▸ **What this task involves**
For this exercise, copy the data exactly and omit any images.

▸ **Dataset section**
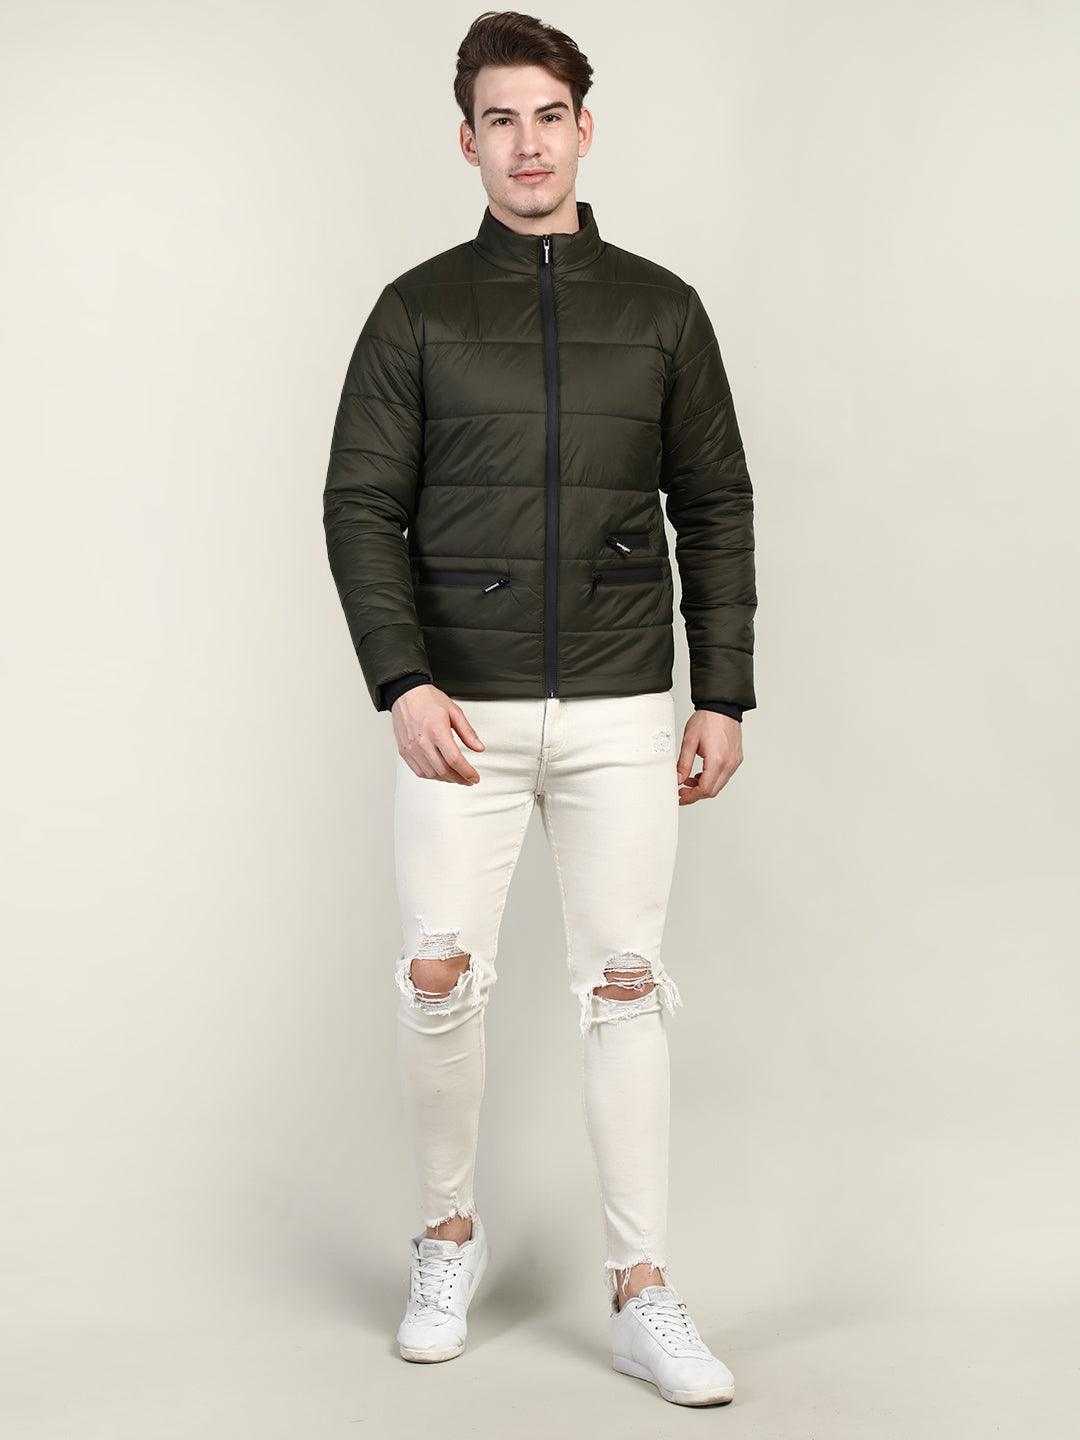 Men's Winter Wear Jacket | CHKOKKO - Chkokko
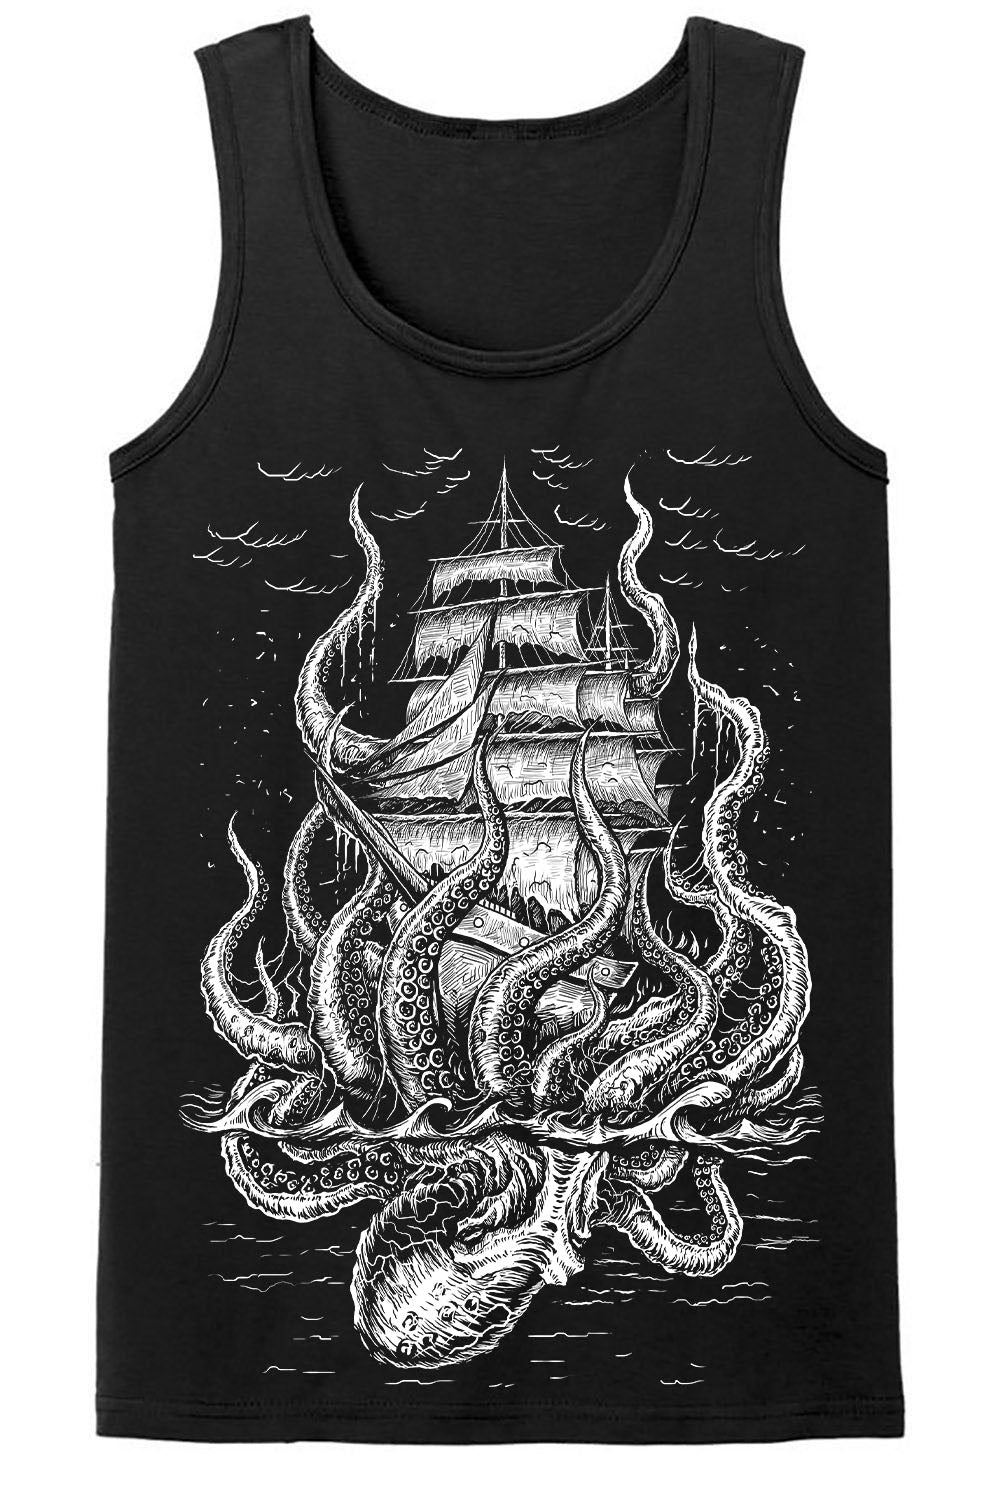 Release the Kraken T-shirt
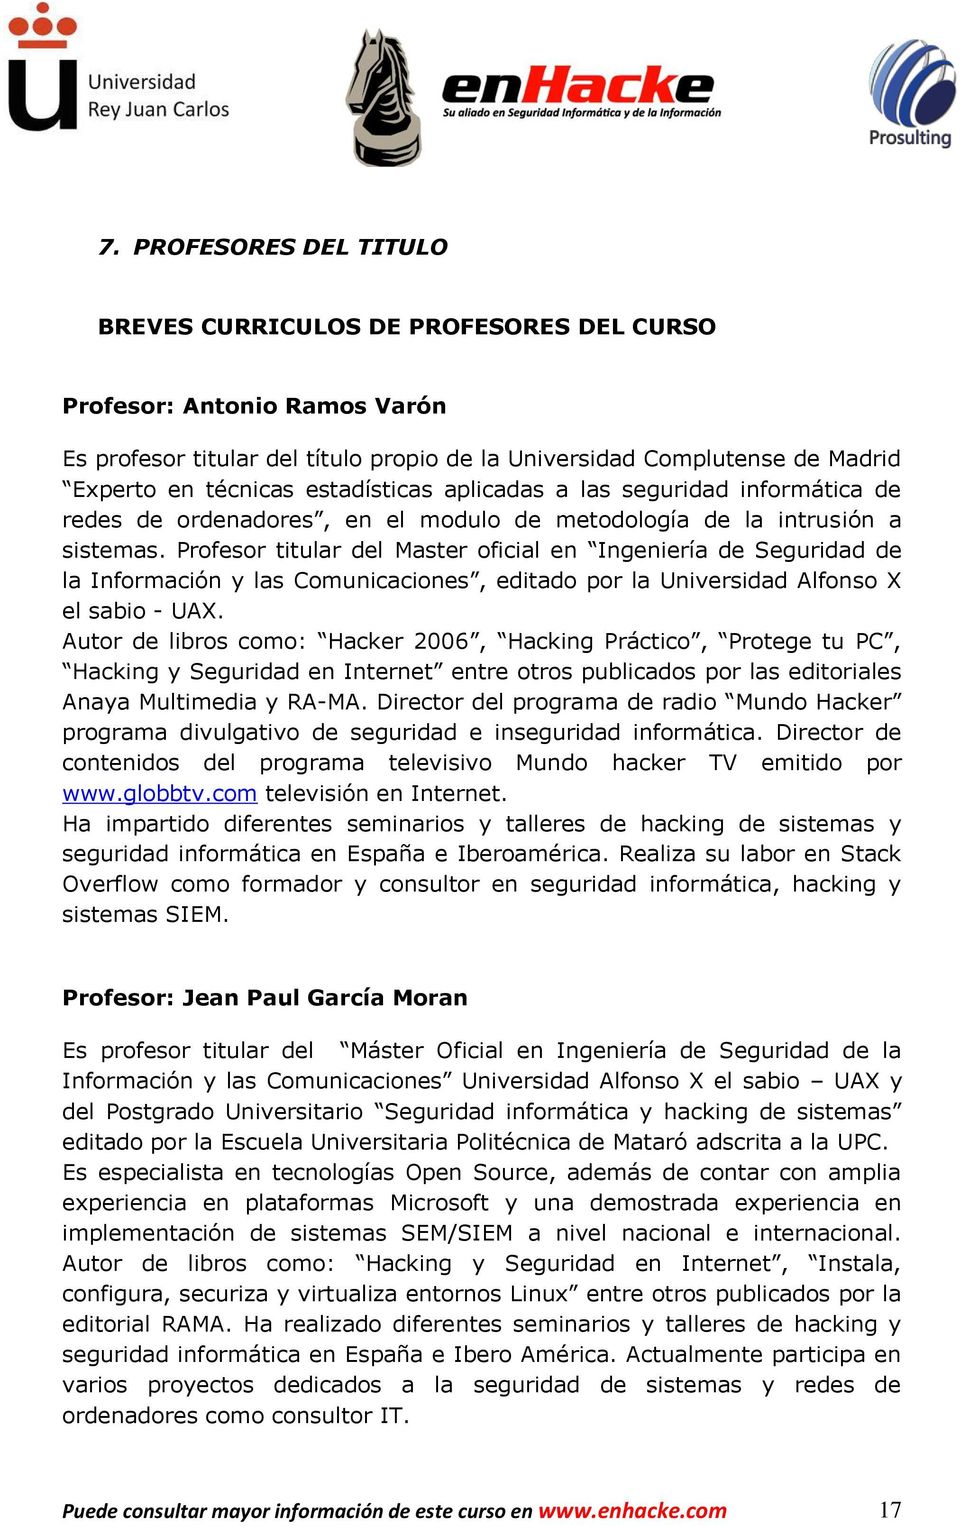 Profesor titular del Master oficial en Ingeniería de Seguridad de la Información y las Comunicaciones, editado por la Universidad Alfonso X el sabio - UAX.

▸ **Answer section**
 Men's Winter Wear Jacket | CHKOKKO - Chkokko
 Release the Kraken T-shirt
 Profesor titular del Master oficial en Ingeniería de Seguridad de la Información y las Comunicaciones, editado por la Universidad Alfonso X el sabio - UAX.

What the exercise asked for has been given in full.